Monitoring Databases to Prevent Performance & Availability Outages
This presentation covers OS/Infrastructure monitoring but nobody monitors their OS manually.
Most deployments ue Nagios etc. Then why another talk on monitoring , something which everyone knows about. Usually what a sysadmin sees is probaly an isolated event , but somone needs to understand the whole picture ,
what would be the effect of IO slowdown on the database , what all can you expect.
Based on my work in providing Database Support, the idea is to talk with attendees about what we see most commonly in the Service Requests. How they can avoid some of those failure scenarios or at least detect them and minimize the downtime.

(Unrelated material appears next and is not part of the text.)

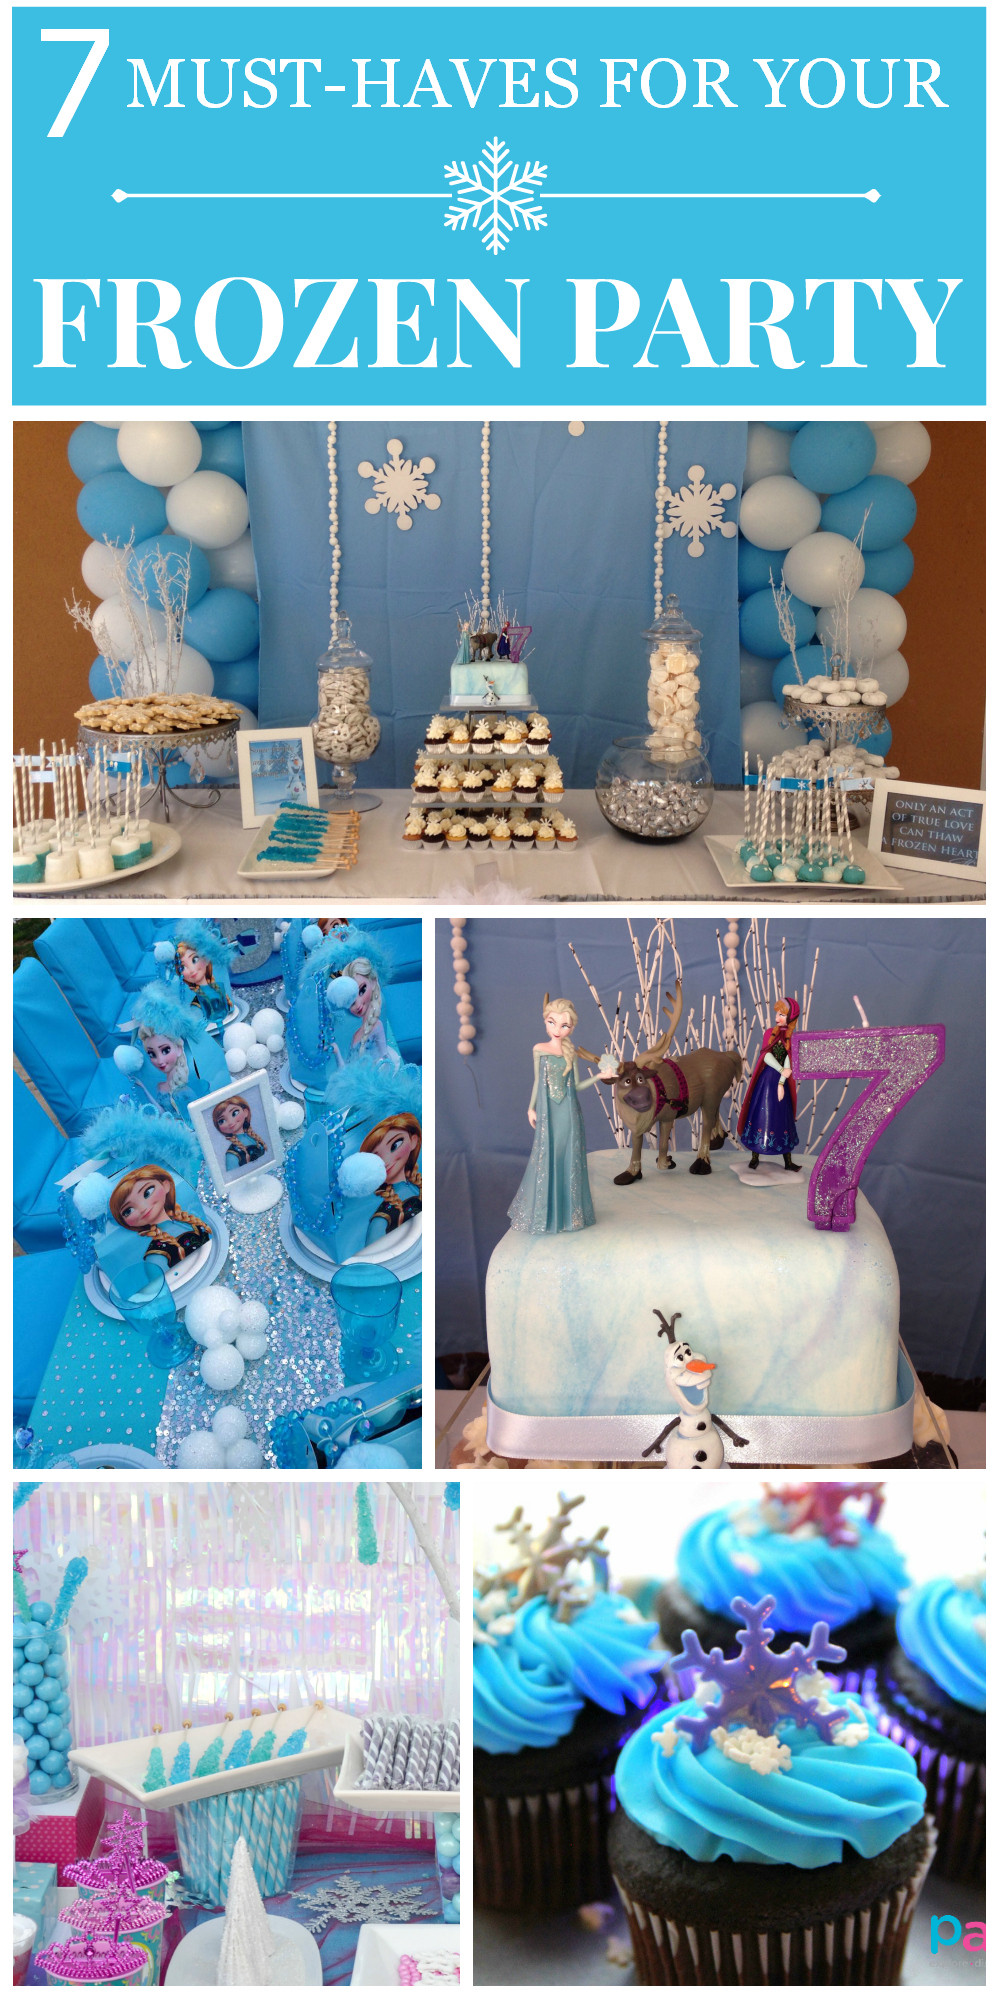 Frozen Birthday Decorations
 7 Things You Must Have at Your Frozen Party

Key takeaway is “what are the signs to look for to prevent or minimize outages”.
Most of the content is applicable to databases in genral , but I would also talk about things which are Mysql specific.The last part of this presentation would have some details from MySQL Performance Schema and MySQL Enterprise Monitoring.
A. Why monitor :
a. Database is essential to most application
b. Application server can be redundant, can be spawned any time
c. Database is a limited resource , non-redundant most of the times
d. What can effective monitoring achieve
B. Outage Scenarios:
a. Performance Outage Scenarios: Database is alive
i. Unexpected load
ii. Spiked latency
iii. runaway queries
iv. Unexpected Locking
b. Availability Outage Scenarios: Database has crashed/shutdown
i. Disk is full
ii. Network is down
iii. Seg(6//11) Crash/ Bugs
iv. Out of Memory aka OOM
v. Server Code Bugs
C. What to Monitor ?:
CPU & Threads :
OS threads vs SQL sessions/connections
Number of threads
Running vs blocked
Disk Errors, multi-path failures
%use of different mount points esp “/tmp”
dmesg (-T if available)
/proc/<pid of mysqld>/status (VM*)
stack traces in mysqld error log file , lock status
D. Monitoring for customers:
long running queries
locking duration/timeouts/deadlocks/pending transactions/lock waits
data volume chnages/rows examined vs returned
temp disk usage/On-disk sorting
semaphore waits/pending flushes/fsync
connections/network disconnects/aborted connects/aborted clients/max_connections
backups & archive logging (binary logging)
MySQL Specific: performance_schema, MEM
The speaker is a DBA/Support Engineer with experience in support mission critical databases. As a MySQL Support Engineer for Oracle he is involved in troubleshooting availability and performance issues for large clients especially in the telecom domain.